Once Upon a Wardrobe(49)



Tollers and Dyson looked at each other with a knowing smile, for they admired their friend’s eccentricities. Tollers’s voice rose above the branches as he continued the conversation with Jack. “You, my friend, believe in the importance of myth, as do Hugo and I.”

Jack tapped his walking stick on the soft earth as a young couple floated by on an evening punt ride. “Believing in its importance and believing its facts are not the same. Myth conveys power. Myth gives import to the story. Myth guides us. Myths strike and strike deep. Myths have deep power over our human psyche. But that is not the same as being factually true. We all know that. We’ve all studied the Norse myths and the Celts and the Bible.”

This particular discussion among these gentlemen had been going on for quite some time. The men were debating the truth of Christ’s story, the actual story of Christianity. Jack was an atheist, as his teacher Mr. Kirkpatrick had been, and he argued with his two dear friends. Jack knew of their solid Catholic beliefs, but their friendship did not require his agreement with them.

When he first met Tollers, Jack was already immersed in the myths. Tollers had invited Jack to join the Coalbiters club, a private club that read Nordic texts in the original Old Icelandic language. Jack learned the Norse language just to join the group. Hugo was also a member of the Coalbiters. They, all three, were also part of the Inklings. So this discussion alongside the river, although started only an hour before, had been going on in different forms for years.

Tollers stopped short. “Jack, a myth can be true on more than one level.”

“Yes,” Jack said. “A myth tells a truth without the facts. You do not have to believe it is true to see the truth. In this, we agree, but myth is still myth. It is not something to believe in!”

They continued their walk as the trees turned blue in the shade of day’s end, and the birdsong quieted and the creaking sounds of night began: branches rubbing in the wind, wings flapping the air. Jack sensed a deep longing, a personal echo he’d heard all his life that told him truth waited somewhere near. He lifted higher the collar of his coat to guard from the wind.

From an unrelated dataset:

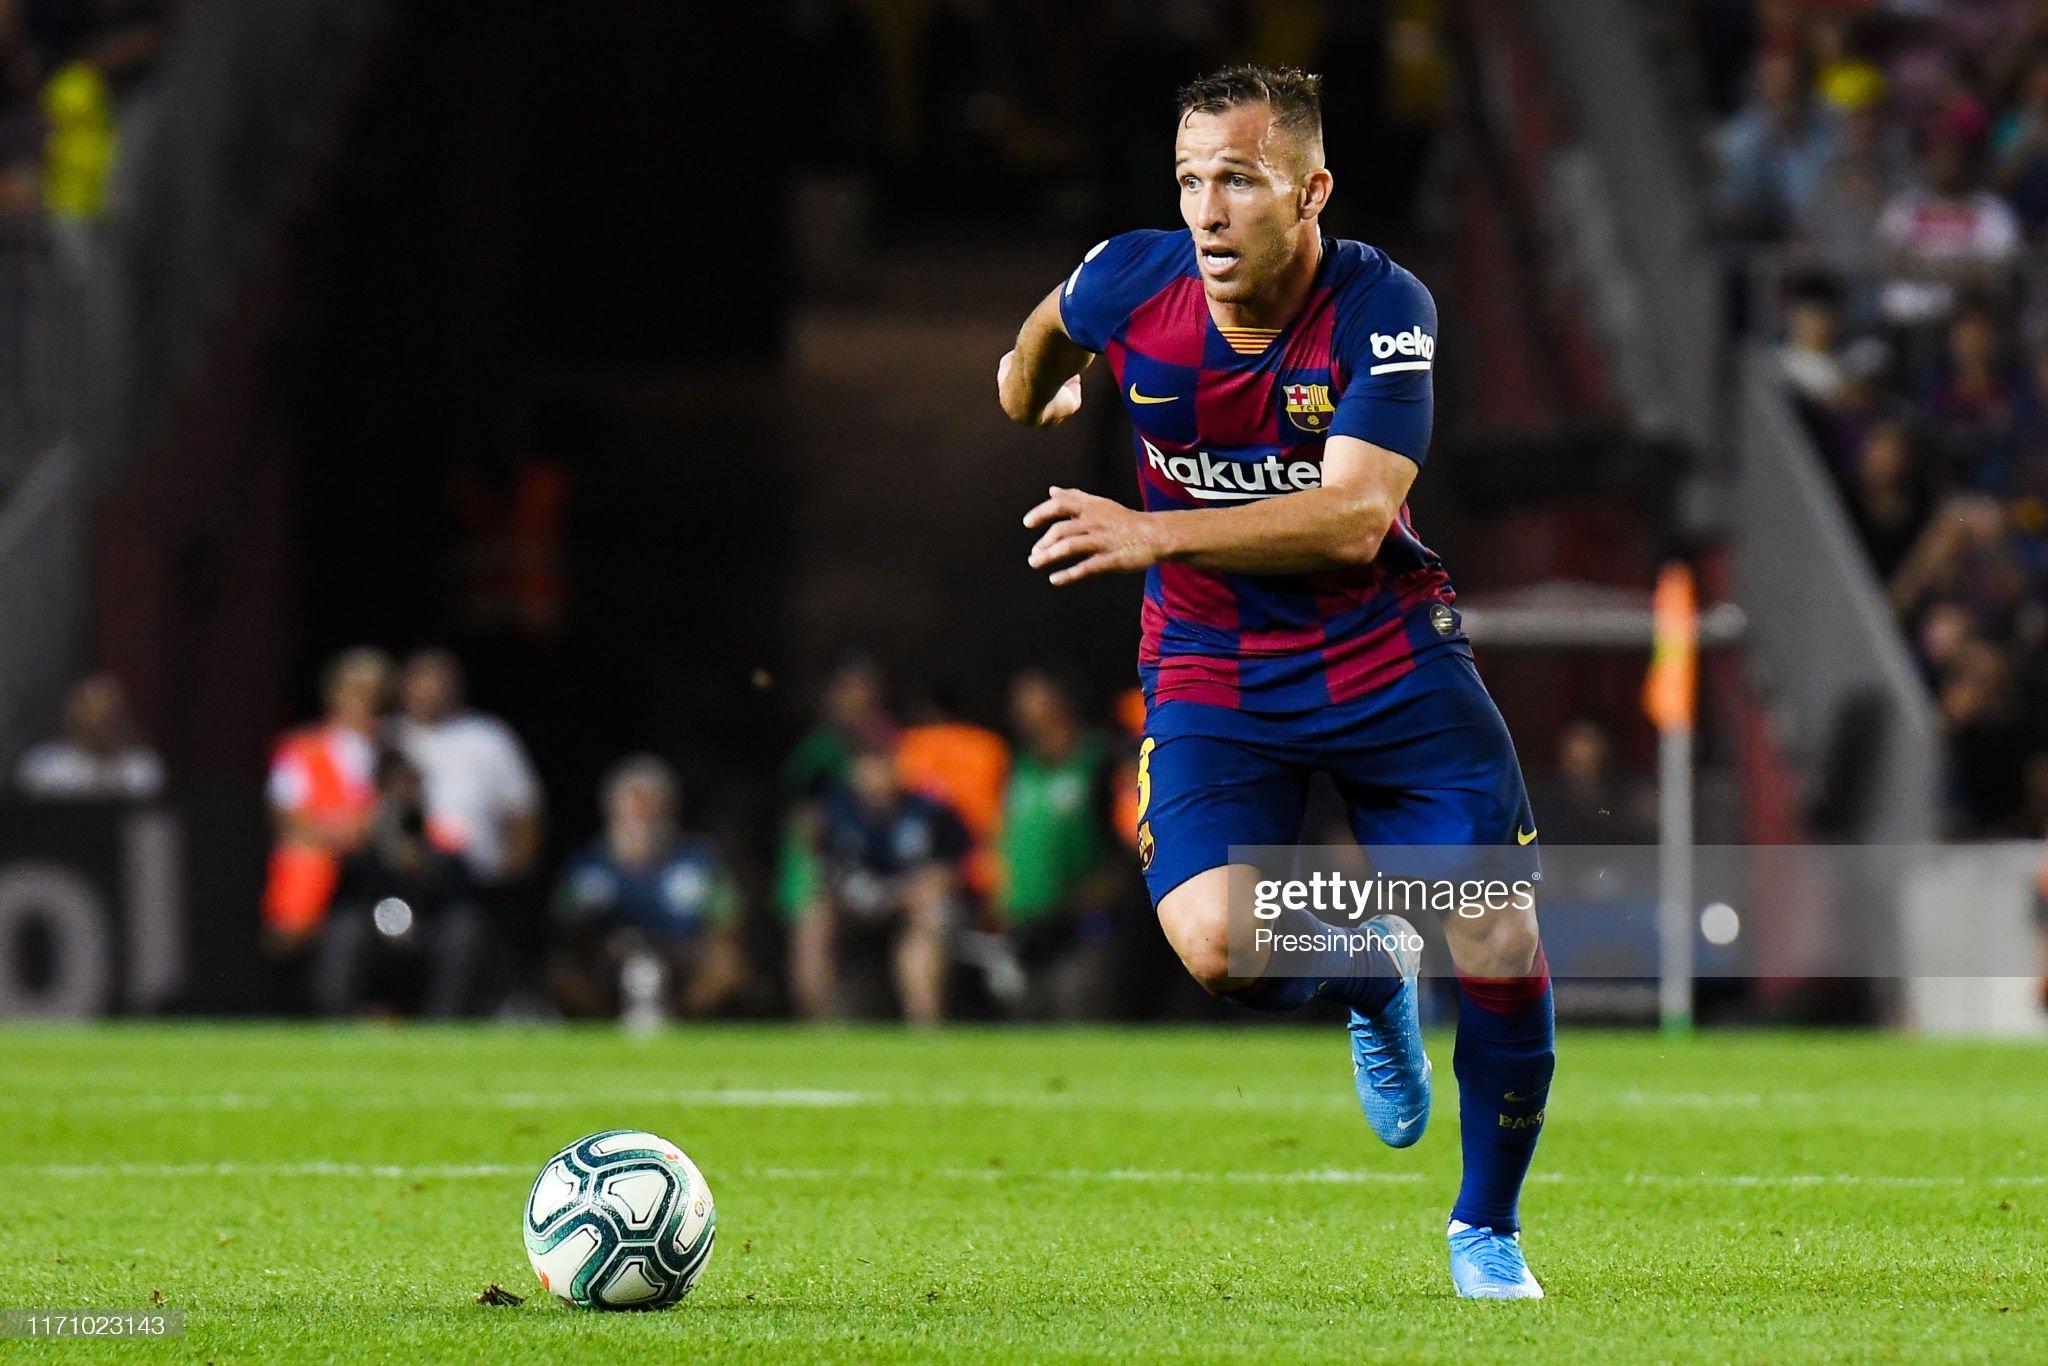 صور مباراة : برشلونة - فياريال 2-1 ( 24-09-2019 )  Arthur-melo-of-fc-barcelona-during-the-liga-match-between-barcelona-picture-id1171023143?s=2048x2048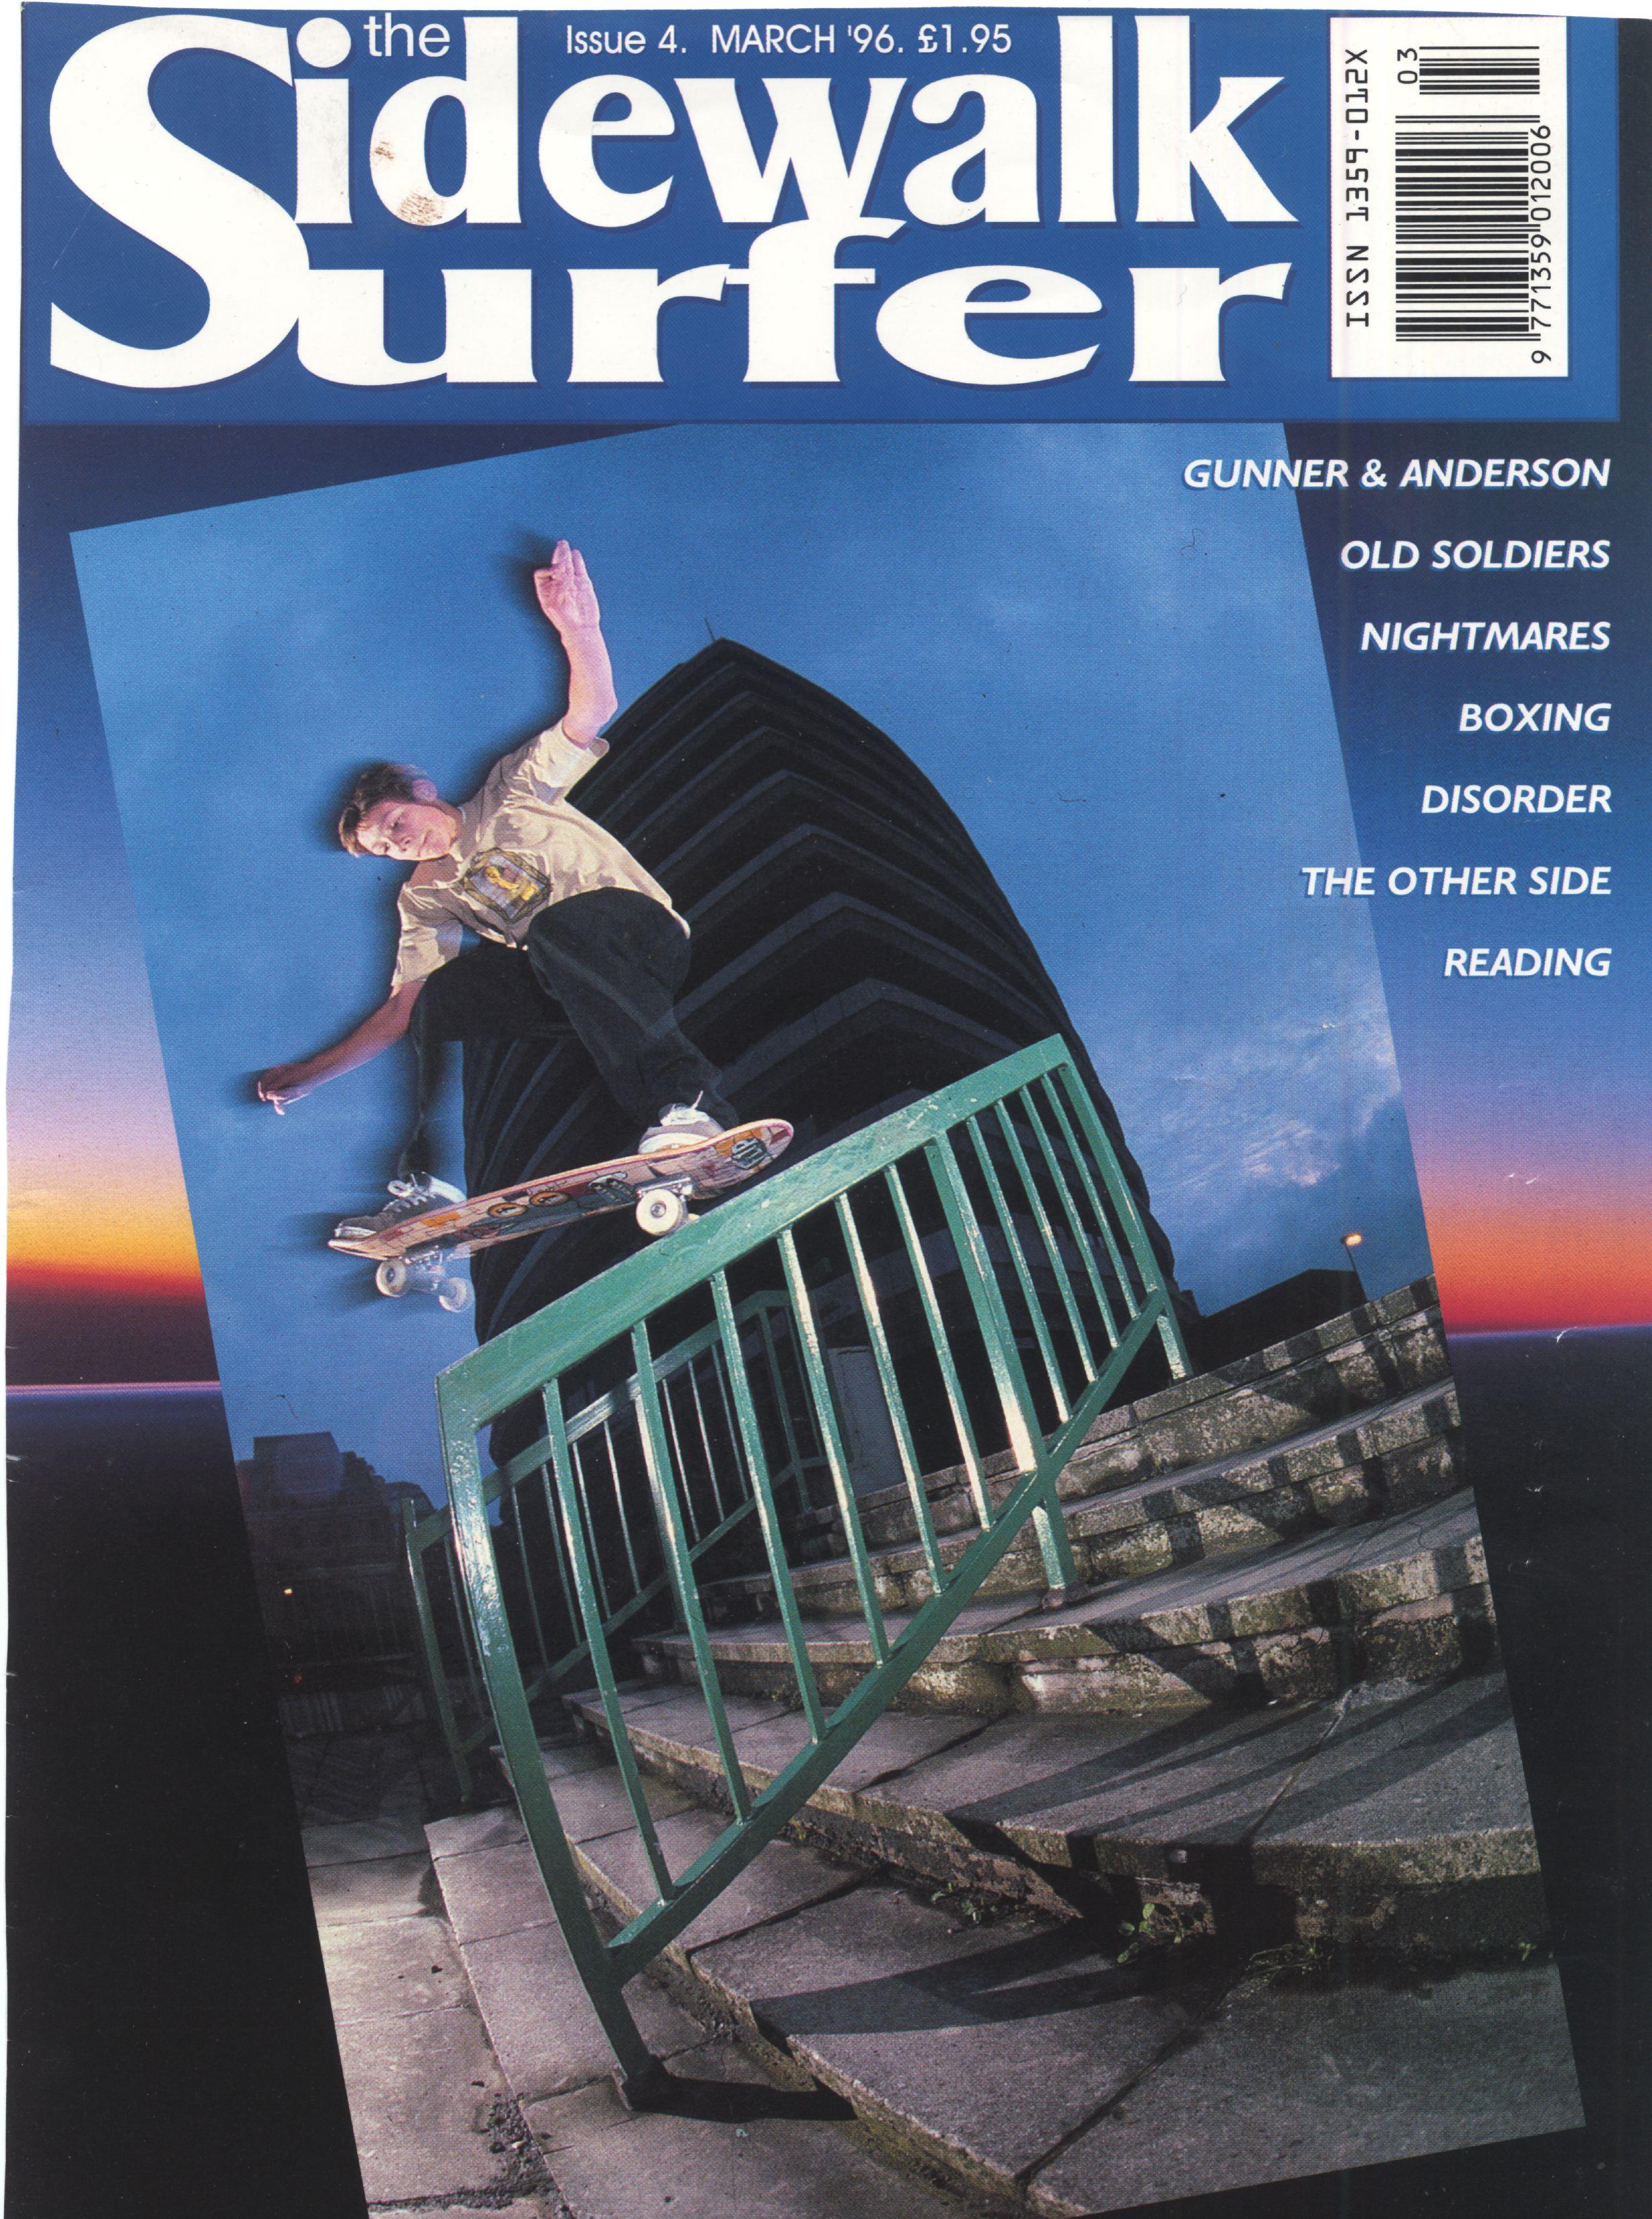 3 Sidewalk Surfer cover

“Myths show us the way the world should be, or could be, instead of how it is,” Tollers said, stopping to watch a squirrel scamper up the tree and disappear in the higher branches. “That is why we want more and more of them.”

Jack already knew this. “Yes,” he said, “that is their power.”

“Think of all the myths and origin stories,” said Hugo with his jowly smile, his rumpled tie loose. “Of all the gods who sacrifice their lives to save others.” He stopped and straightened his hat, eyeing Jack with a look both casual and intense.

Jack stopped. “In almost every tradition there is the dying god who rises again,” he said, turning to his friends. His eyes, always alert and warm, held their gaze. He was never tired of this conversation about myth and story, and yet this one seemed to be going in circles. “Yes. Balder. Adonis. Bacchus.” He named just a few gods from his favorite pagan myths. “And of course, Jesus Christ.”

“The difference,” said Tollers, “is that the story of Jesus Christ is true. It really happened. Christianity is not less than a myth, but more than one. The true one.”

“The only true myth,” added Hugo.

“The myth of the dying God . . . ,” Jack said, and the three friends continued their walk and talk.

Jack resisted.

He debated.

He listened.

They talked into the night, walking round about that river island until well into the early morning when Jack saw light—not of a rising sun, but of a spiritual conviction. He finally understood what his friends had wanted to show him, what he could see only in the middle of the night while the birch trees swayed in the wind alongside the river. All those years with the Knock, arguing logic, Jack had known that his intellect stood over his imagination, that the two hemispheres, as it were, of his mind were in sharp contrast. He realized that all he’d loved, he believed to be imaginary, and all he’d believed was real, he thought grim and meaningless.

Near dawn, Jack went home, and morning rose over the Kilns to see him a different man.

Something within him had shifted.

“Even if Christianity isn’t my favorite myth,” he told Warnie, “it’s the only one that is true.”

*

George sits quietly and stares at his sister, who is still gazing at the notebook. There’s more, but she’s stopped.

“What’s wrong?” he asks.

She looks to him with brimming tears. George hates when Megs cries because there is rarely anything he can do to fix it. “I don’t want this to end,” she says.

“I don’t either, but everything ends.”

“Honestly, George.” She shook her head and put down the notebook. “How do you know more than me when you are so much younger?”

“That’s silly. You can add numbers in your head. You can—”

“But in the things that matter, you know more.”

George thinks about this. Maybe it’s true he knows more than her about some things, but he doesn’t have the time to know about everything. He wants to know if it’s true that there’s something more when this something ends. Not whether there is a doorway in the back of his wardrobe; he knows that is just a way to tell a story about something more. But maybe in the back of his life there is a place he will go, a place they will all go.